I am not a truther, but I have some sympathy for them. It is hard to understand how the World Trade Center buildings collapsed, and it would be much easier if demolition were involved. I personally can't believe that the buildings were demolished, but I also don't really understand the mechanics of their progressive collapse.
Perhaps it's some kind of intellectual arrogance, but I feel I should be able to understand this. I think that my grasp of physics is strong enough that I should be able to study the topic and arrive at an understanding within a reasonable amount of time. I started wondering about it in earnest in 2005 and I don't think 15 years is a "reasonable" time frame. It should be possible for someone of my intelligence and discipline to satisfy their curiosity.
It is sometimes implied that I'm simply being disingenuous about this. Some have suggested outright that I'm not really "asking questions" but trying push what are actually my truther views. That is, they believe that I think I do understand how the buildings collapsed because I think they were demolished. Others have suggested that my persistent inability to understand is the result of my unwillingness to learn. In all these years, they imagine, I haven't really made an effort to understand the NIST report and related literature.
I'm not going to try to persuade anyone of my sincerity, but I do have a question that I think it would be reasonable to ask even if I were a truther. How much research does one have to do before one can take a position on how the WTC collapsed? And does it matter which position one takes? Presumably, members of the general public who think the buildings collapsed "naturally" (given the damage from the planes and the fires) are entitled to do so without further research? (But consider: how do we feel about people who think they collapsed because the fires melted the cores?)
But what does it take for you to respect someone who, for the time being, finds contolled demolition more plausible than gravity-driven progressive collase? Is there a stage of someone's research where you would grant that their position is reasonable given how far they've gotten?
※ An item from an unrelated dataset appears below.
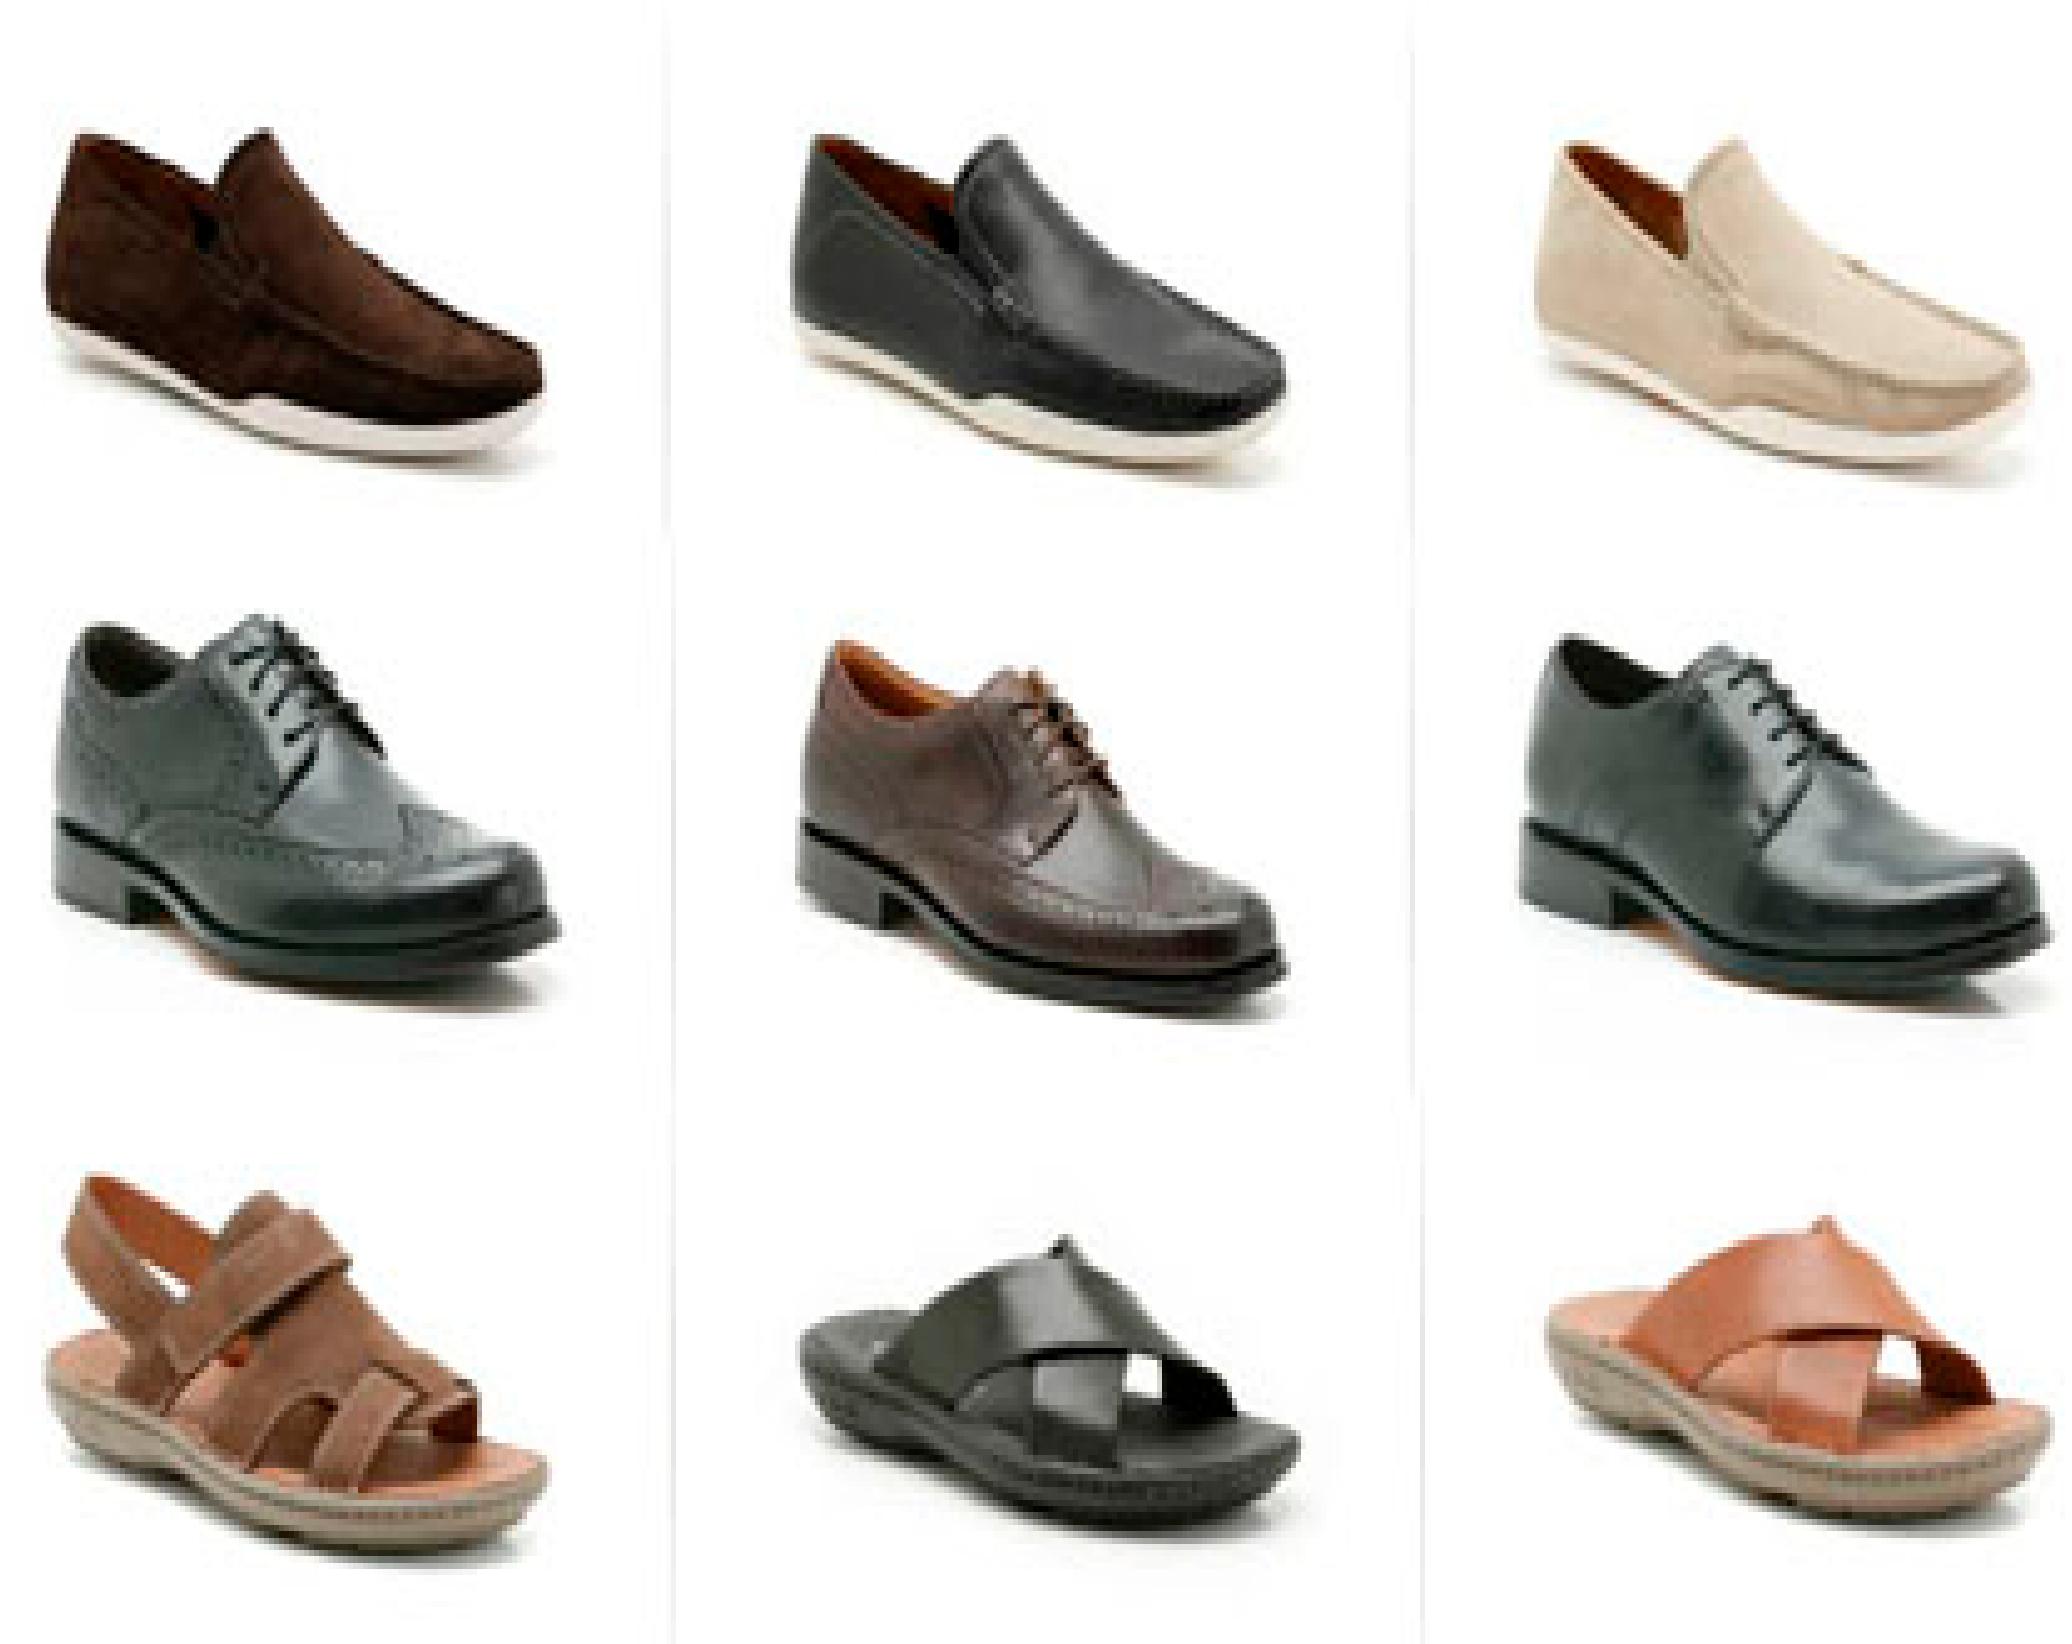 3058a8ec Cuales son los zapatos mas cómodos para trabajar... - Hombre Alfa
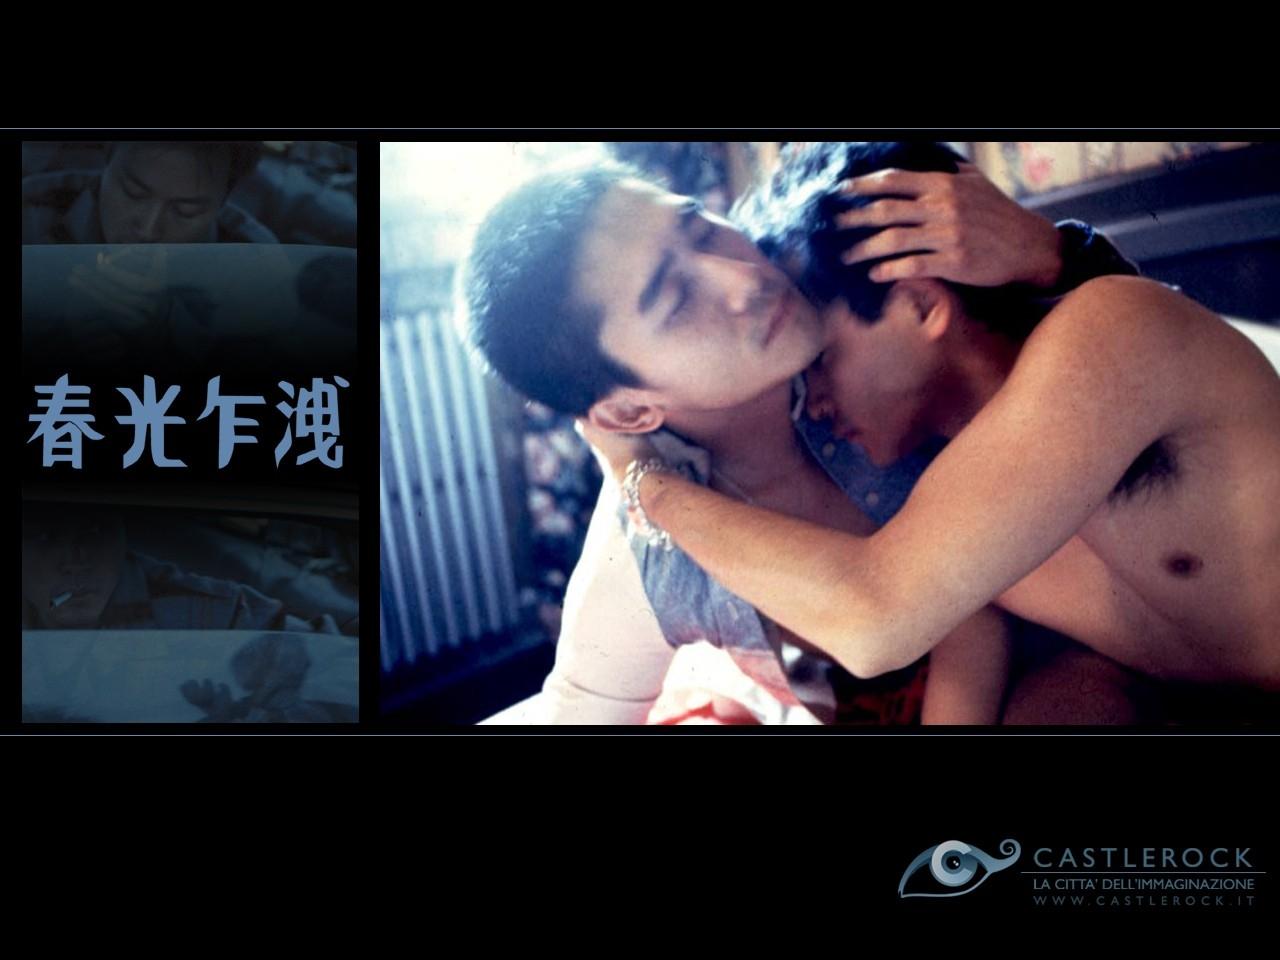 Wallpaper dei due protagonisti del film Happy Together

And how long should it take for them to reach your level of understanding (of ROOSD, for example) and you'd now insist that they change their mind about controlled demolition?
I don't want to pin this on anyone in particular (I hope we can all agree that these issues come up in discussion threads here all the time), but I was spurred to write this post by a passing remark from @Jeffrey Orling on another thread.
Consider one last thing. If @econ41 is right (here, for example) then in order to understand how the towers actually collapsed you have to understand exactly how the Wikipedia article gets it wrong. That seems to be a pretty high research standard to set. And it seems to provide at least some provisional ground on which truthers and debunkers can have a civil discussion about what is known and not known about what happened to those tragic structures.
Perhaps it's some kind of intellectual arrogance, but I feel I should be able to understand this. I think that my grasp of physics is strong enough that I should be able to study the topic and arrive at an understanding within a reasonable amount of time. I started wondering about it in earnest in 2005 and I don't think 15 years is a "reasonable" time frame. It should be possible for someone of my intelligence and discipline to satisfy their curiosity.
It is sometimes implied that I'm simply being disingenuous about this. Some have suggested outright that I'm not really "asking questions" but trying push what are actually my truther views. That is, they believe that I think I do understand how the buildings collapsed because I think they were demolished. Others have suggested that my persistent inability to understand is the result of my unwillingness to learn. In all these years, they imagine, I haven't really made an effort to understand the NIST report and related literature.
I'm not going to try to persuade anyone of my sincerity, but I do have a question that I think it would be reasonable to ask even if I were a truther. How much research does one have to do before one can take a position on how the WTC collapsed? And does it matter which position one takes? Presumably, members of the general public who think the buildings collapsed "naturally" (given the damage from the planes and the fires) are entitled to do so without further research? (But consider: how do we feel about people who think they collapsed because the fires melted the cores?)
But what does it take for you to respect someone who, for the time being, finds contolled demolition more plausible than gravity-driven progressive collase? Is there a stage of someone's research where you would grant that their position is reasonable given how far they've gotten? And how long should it take for them to reach your level of understanding (of ROOSD, for example) and you'd now insist that they change their mind about controlled demolition?
I don't want to pin this on anyone in particular (I hope we can all agree that these issues come up in discussion threads here all the time), but I was spurred to write this post by a passing remark from @Jeffrey Orling on another thread.
Which may have been related to a comment @Mendel made to me:
What I hope to discuss in this thread is whether a reasonable, respectable position for skepticism about "the official story" of the WTC collapses can be constructed, at least temporarilly, and what a discussion with a truther who takes that position might look like.
Consider one last thing. If @econ41 is right (here, for example) then in order to understand how the towers actually collapsed you have to understand exactly how the Wikipedia article gets it wrong. That seems to be a pretty high research standard to set. And it seems to provide at least some provisional ground on which truthers and debunkers can have a civil discussion about what is known and not known about what happened to those tragic structures.